[Date Prev][Date Next][Thread Prev][Thread Next]
- Subject: Re: Internationalisation in programming languages [Was Re: lex patch]
- From: RLake@...
- Date: Fri, 5 Apr 2002 18:04:35 -0500
Björn De Meyer escribió:
> What I find strange in all this talk about internationalizing the
> variable names, nobody talks about internationalizing the lua
> strings themselves. I would like lua to be compatible with UTF-8,
> for instance... But I doubt this is already the case.
That depends on what you mean by "compatible with UTF-8".

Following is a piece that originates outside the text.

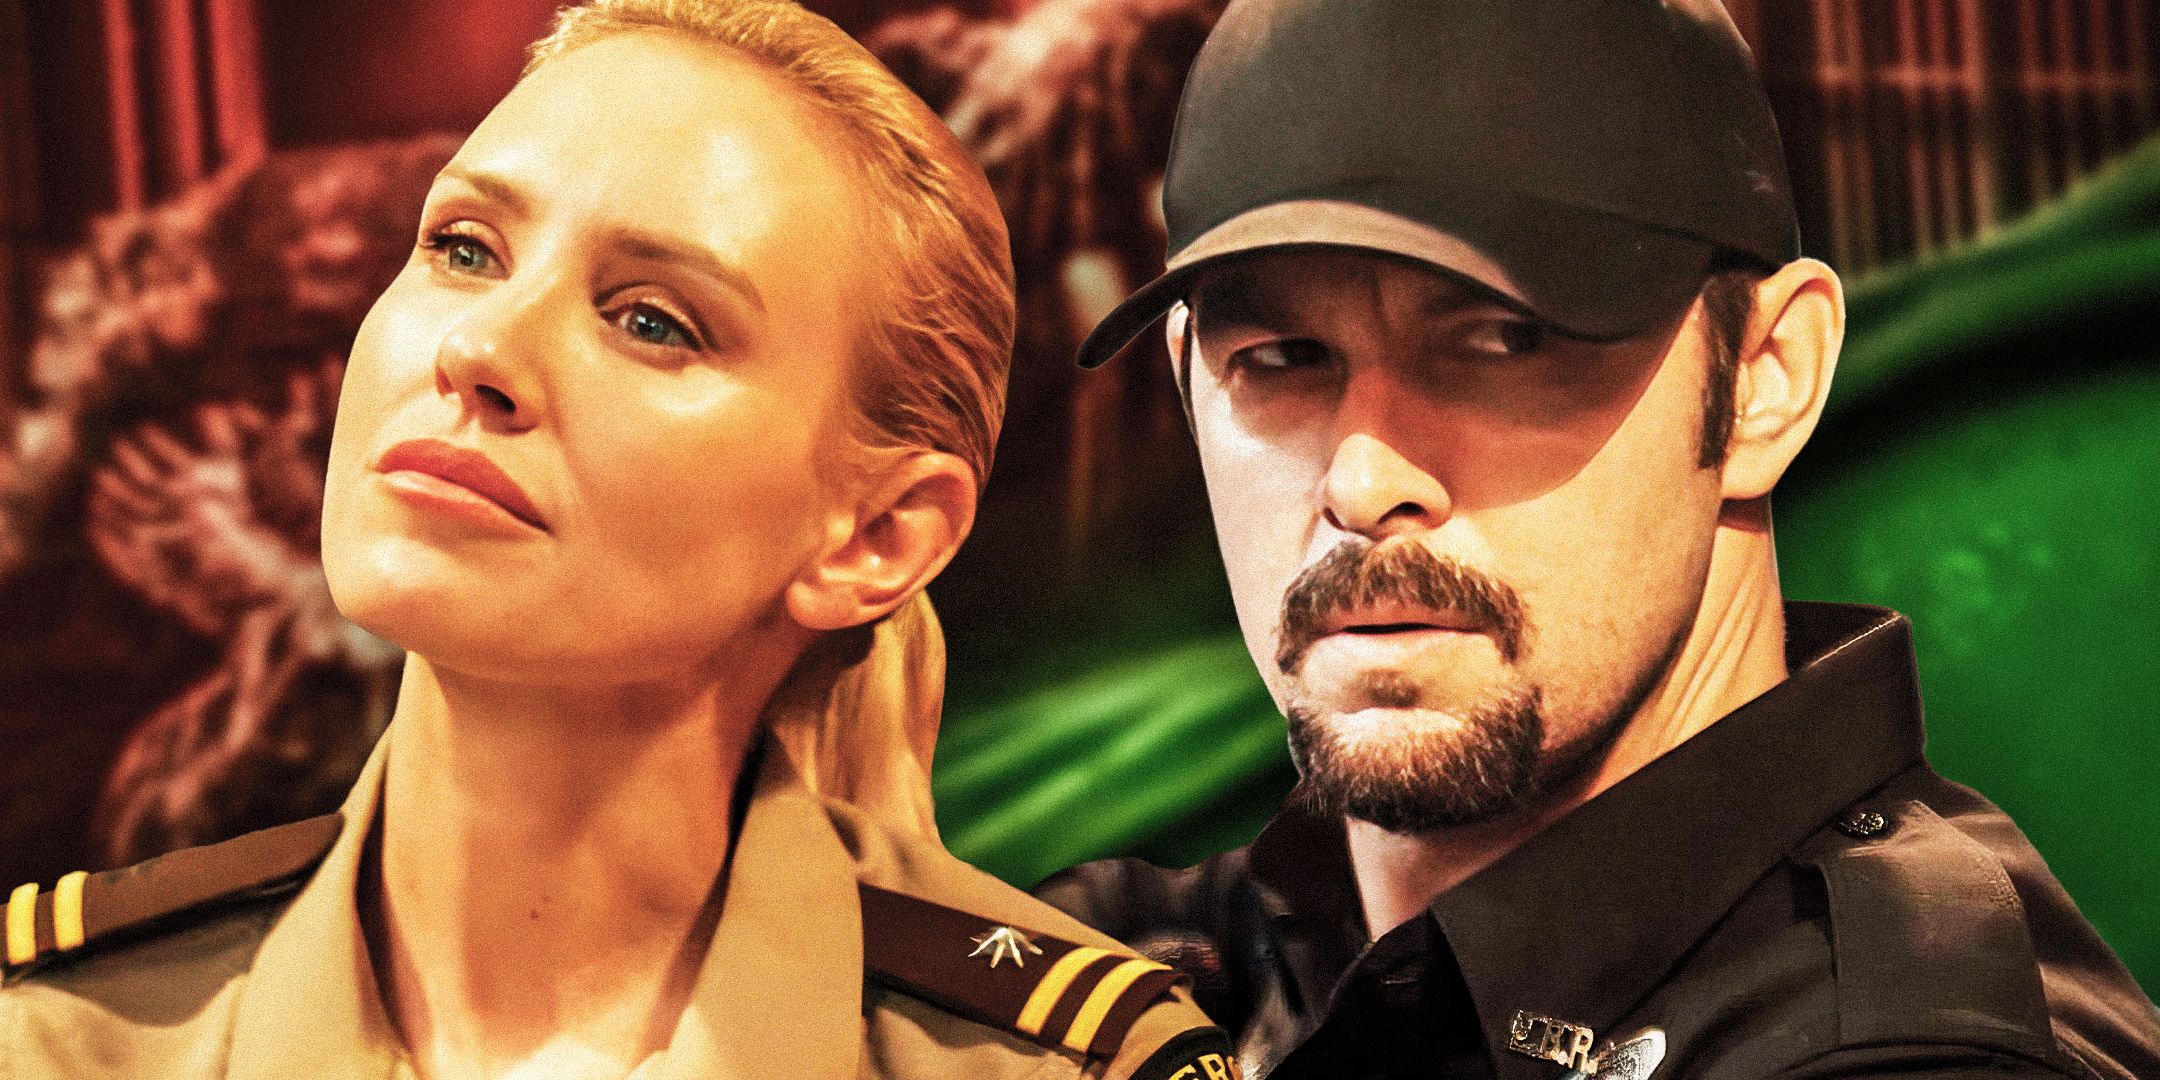 Ryan Francis as Jay Stamper and Nicky Whelan as Sheriff Jo Newman from The Flood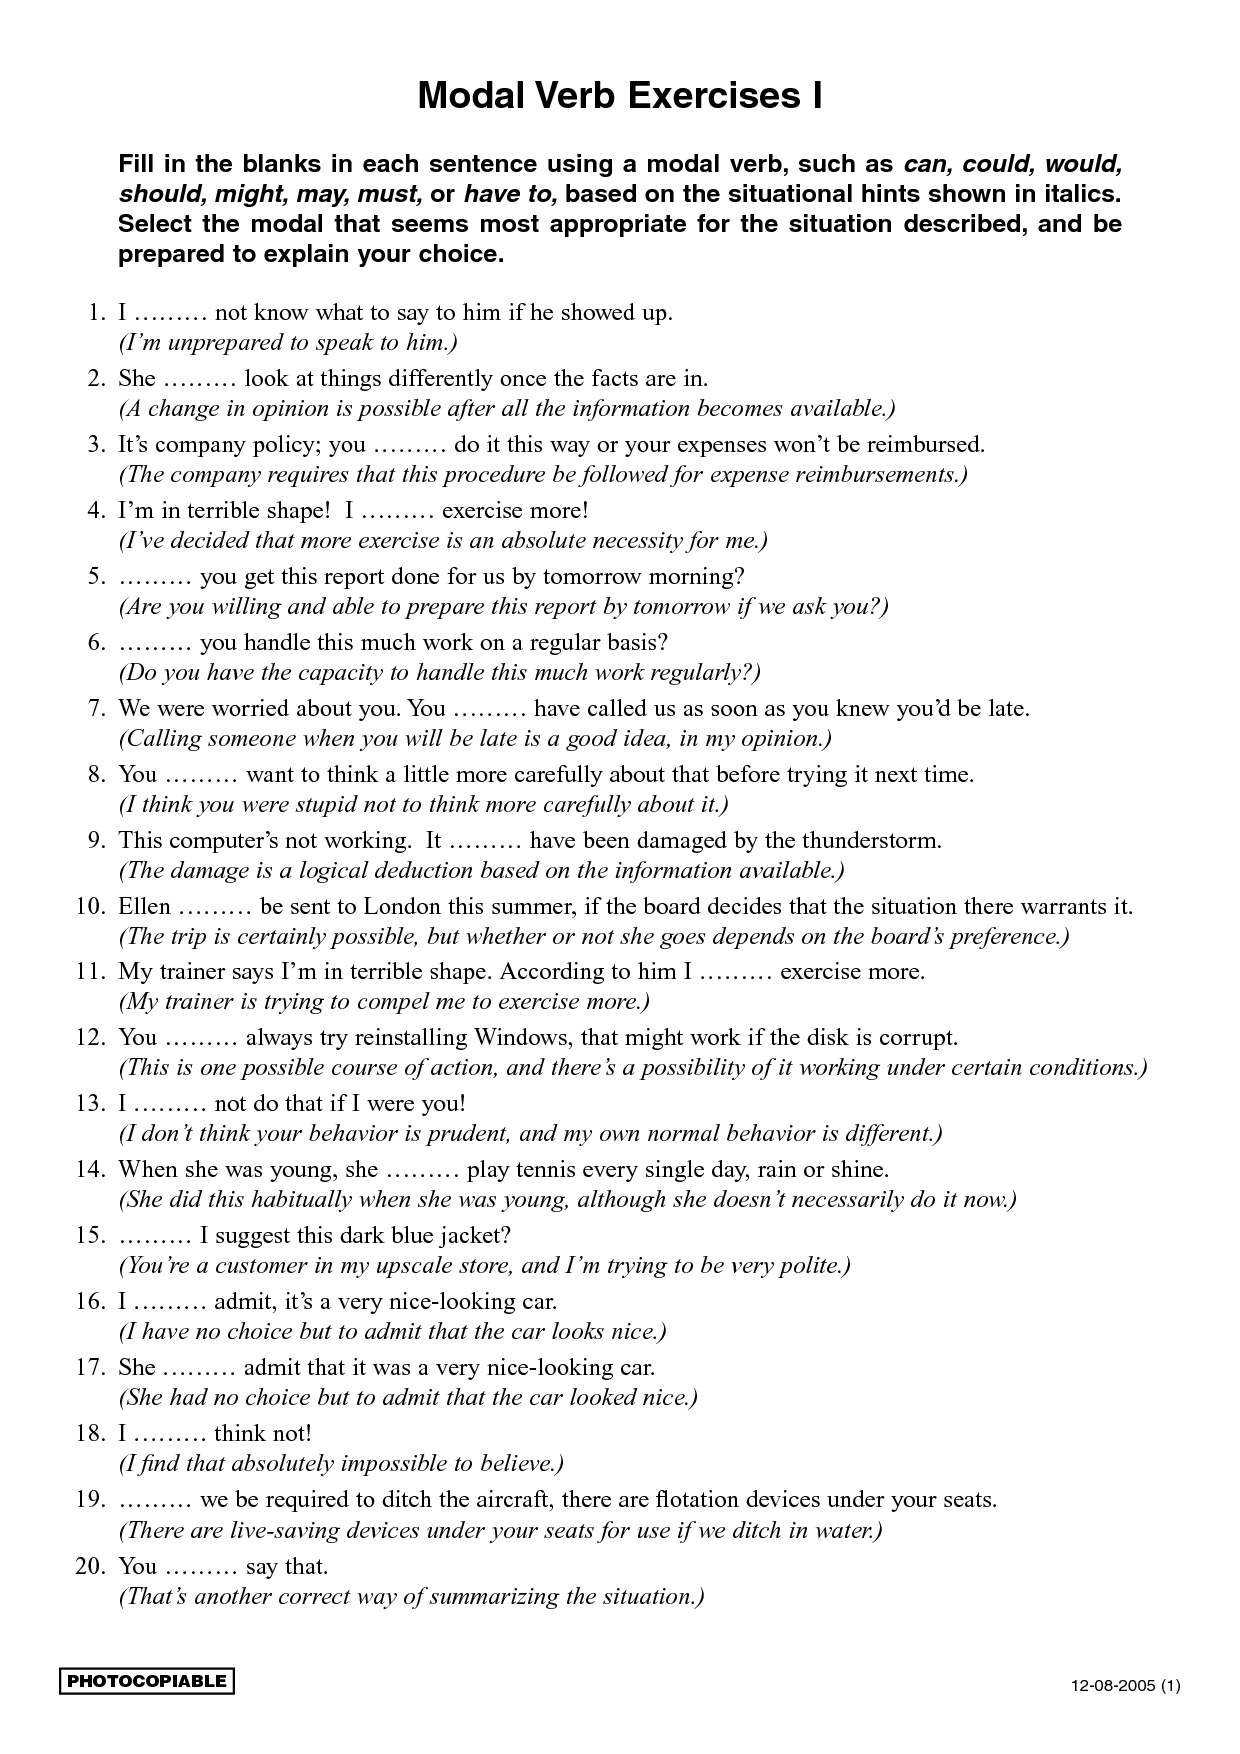 14-best-images-of-modals-esl-worksheets-modal-auxiliary-verbs

A Lua string is any linear vector of whatever the compiler says a char is
(unless you change that in the Lua config in which case you might be able
to change char to something else.) So a string has to be linearly
addressable, and that's about it. It is not restricted by alphabet, so a
string can have embedded 0's or whatever.
The Lua standard string library uses locale-dependent library calls to
decide what is a letter, whitespace, etc., and the basic compiler to decide
what is a \n.
So it will support UTF-8 in the sense that any UTF-8 sequence is a valid
string. Since UTF-8 maps low-ascii onto low-ascii, it will also support
UTF-8 in search strings in the C locale.
But that's about it. Of course, there is nothing stopping you from writing
library routines to do whatever UTF-8 manipulation you want to do.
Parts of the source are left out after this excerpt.